In contracts, leases, loan documents and other agreements, we frequently see a request that one party indemnify the other against certain occurrences.
As a simple and general proposition, indemnity provisions are ill-advised for the indemnitor.  They are open-ended access to one’s checkbook for all sorts of claims, and are usually accompanied by a duty to defend against those claims (i.e., pay for an attorney to defend a suit), whether meritorious or frivolous.  Thus, a short indemnity paragraph could lead to hundreds of thousands or millions of dollars of unexpected and unintended liability.  As a rule: Not a good idea.

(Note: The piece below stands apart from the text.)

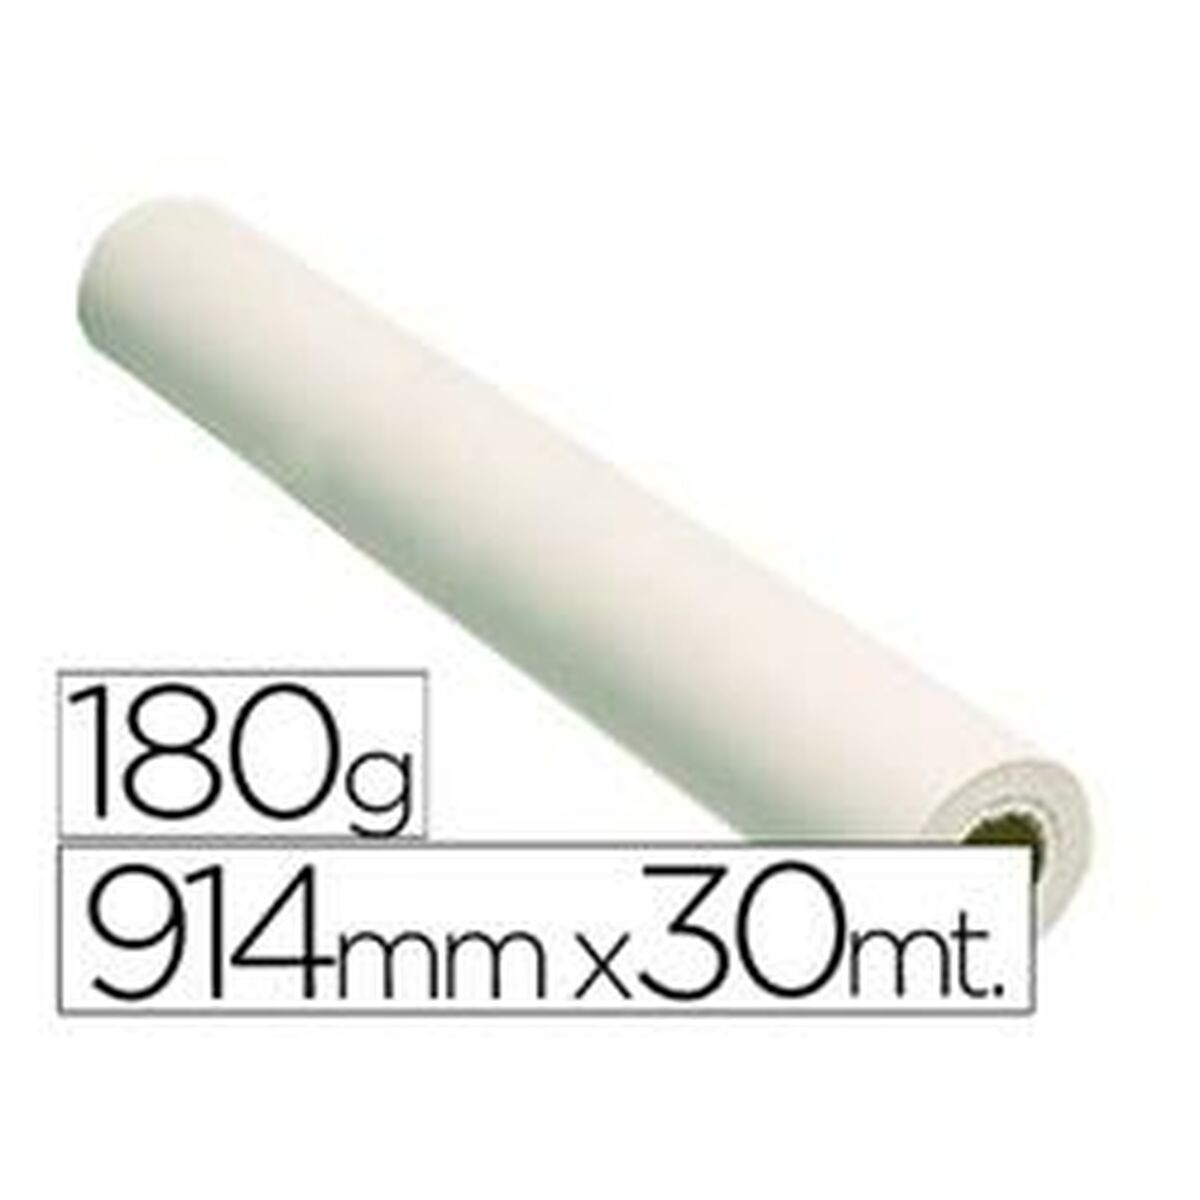 Rouleau de papier pour traceur Fabrisa 16107 914 mm x 30 m

Taking this concept over into the world of real estate sales, as is explained in this blog entry, Real Estate 101: Types of Deeds in Ohio, when a seller executes and delivers a warranty deed in Ohio (General Warranty Deed or Limited Warranty Deed), he is essentially providing an open-ended indemnification to a buyer of that property — and his successors down the chain of title — against certain title claims.  Among other things, a warranty covenant is a promise to defend against certain claims to the title from a third party.
Ohio Courts have ruled that the failure to provide that defense will mean the grantor must pay the attorneys fees of the grantee to so defend the title. Â Hollon v. Abner, 1997 WL 602968 (Ohio App. 1 Dist., 1997).
Thus, although it is “standard operating procedure” in real estate transactions to provide a warranty deed, sellers may want to re-think that (starting with the signing of the contract as that instrument dictates what form of deed is required at the closing) and understand their open-ended exposure from a warranty deed.